If you're not viscerally affected by this inhuman grotesquery, you are made of sterner stuff than I. It's appalling and a powerful metaphorical reminder of our individual insignificance against the power of money, how nothing is sacred, and nothing is safe and sane on the internet.

1 comments

Your statement is that that ad space is 'viscerally inhuman grotesquery'. Like... Where have you lived for the last 100 years?

I do agree Google should punish clear paid advertising in ranking though; that is a clear problem.
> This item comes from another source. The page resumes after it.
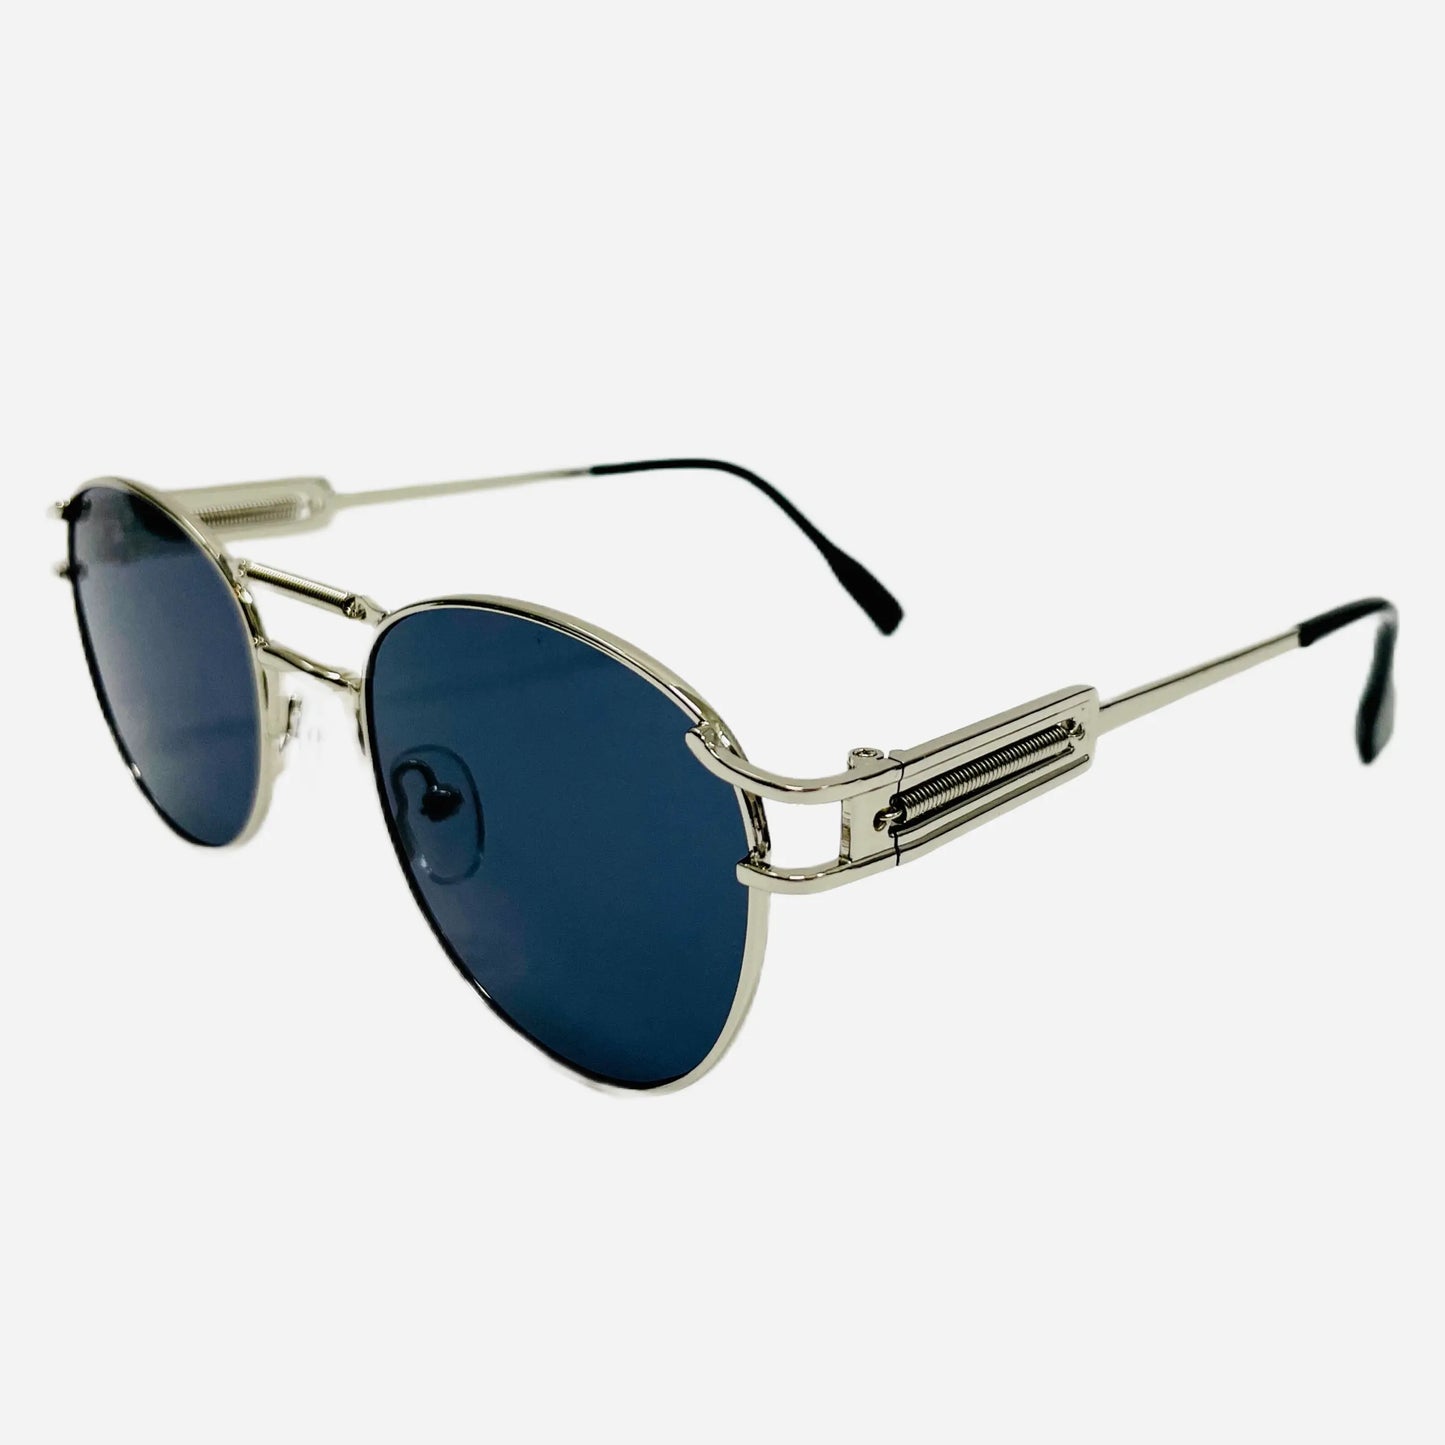 Vintage Jean Paul Gaultier Sonnenbrille Sunglasses Model 56-5107-silver-side

Maybe because of this article, but the sample queries from the article now show the underscored links on page 5, so it seems 'fixed' now at least.

I didn't say ad space is 'viscerally inhuman grotesquery", I said that flaying a company and wearing its skin like a suit is.

I dislike ads, sure, most people do at some level, but the idea that Forbes sold out just so people would view more ads is a modern day retelling of the plot of some weird 1980's movie of the week villain right before the heroes step in and save the town with the power of friendship and a giant vat of chemicals.